# MFSTOOLS help request



## kingpinofdisks (Apr 18, 2005)

I am trying to replace my existing Seagate 750gb HD with a new Seagate 750gb HD (old one is crapping out, so I got a new 35.2 HD to replace it).

MFSTOOLS reports that the backup drive isn't large enough.

Obviously, we are talking a few MB here or there. How can I force it to run regardless of the minor size difference?


----------



## classicsat (Feb 18, 2004)

Just DD copy, although it may go nuts trying to record to drive space that is not there.


----------



## HomeUser (Jan 12, 2003)

How large is difference in size? If it is only a couple of meg you could downsize the swap partition.


----------



## kingpinofdisks (Apr 18, 2005)

I tried DD, using this command:

dd if=/dev/hdc of=/dev/hdb bs=1024k 

It took 11 hours. All of my 120+ shows are in the Now Playing list, but every one gives an error when I try to play them. Something about the tivo not having signal when the show was recorded.

I don't know the size difference. Will check it again.

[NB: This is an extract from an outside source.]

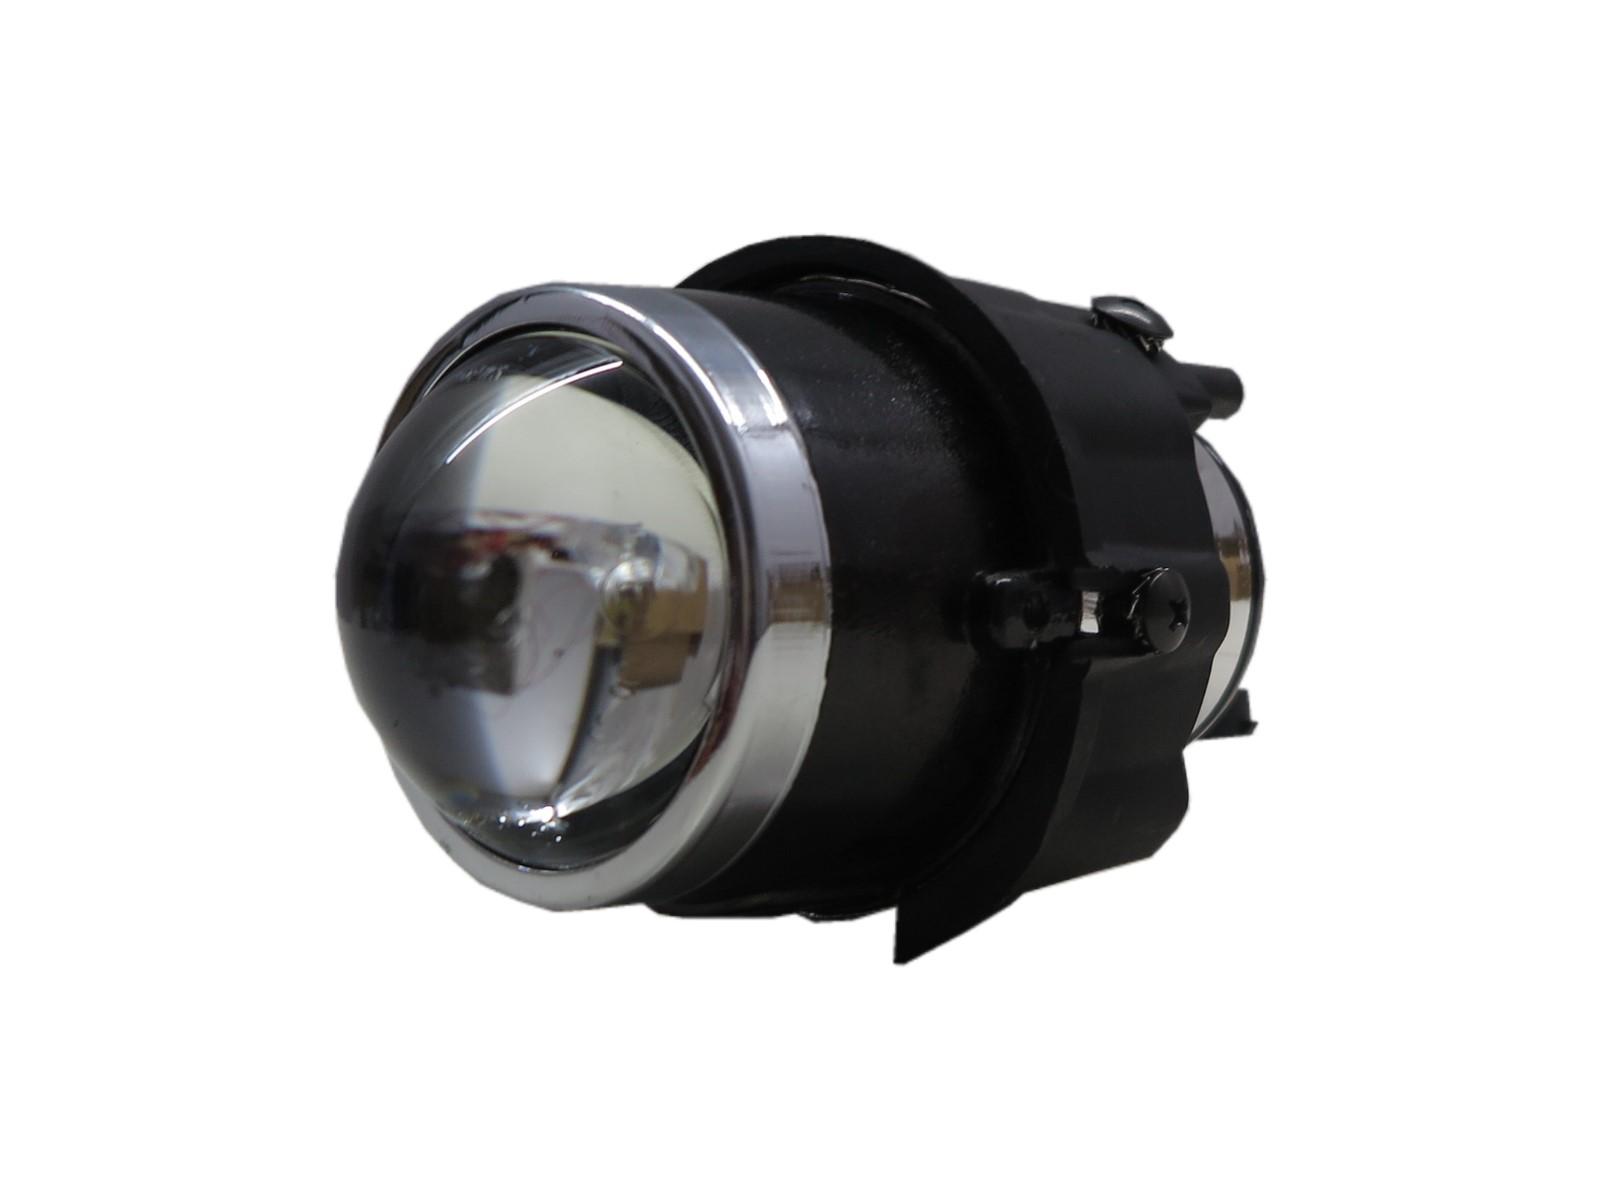 thumbnail 2 - MURANO Z51 Second generation 08-14 SUV 5D Projector Fog Light Black for NISSAN

So, is there no way to have mfstools kinda correct for the problem


----------



## kingpinofdisks (Apr 18, 2005)

I just transferred both drives to the PC & booted the MFSTools CD. It shows 136GB size for each drive.

Huh? That can't be right. I just started a download of Knoppix 5.1 LiveCD. I will boot with that tomorrow and see if a)DD is on it and b)it shows the correct drive size for the 2 drives.


----------



## kingpinofdisks (Apr 18, 2005)

Yep, the linux kernel on the MFStools 2.0 cd is old. 

I booted Knoppix, and it showed each drive as 773gb, NOT 136gb like the mfstools was showing. So running DD worked perfectly.

dd if=/dev/hdc of=/dev/hdb bs=1024k 

And all is well. 

Morale: if you have a huge drive in your Tivo that is crapping out, and you want to copy it to another huge drive, then don't use mfstools 2.0 cd. Use a 2.6 kernel & the latest DD (like the Knoppix live cd) to copy the drives.


----------



## PortlandPaw (Jan 11, 2004)

I believe the mfslive cd would work as well and have the latest mfstool available.


----------



## CREWCHIEF318 (Feb 24, 2008)

hello all

where do i find and how do i install mfs_tools?
i've got two ptv'd instant caked phillips 704's on my network
and i really (from all the research i've been doing over the last few months)
really need it 

thankyou


----------



## wscannell (Dec 7, 2003)

the latest tools and info can be found on mfslive.org


----------



## CREWCHIEF318 (Feb 24, 2008)

Thank you sir


----------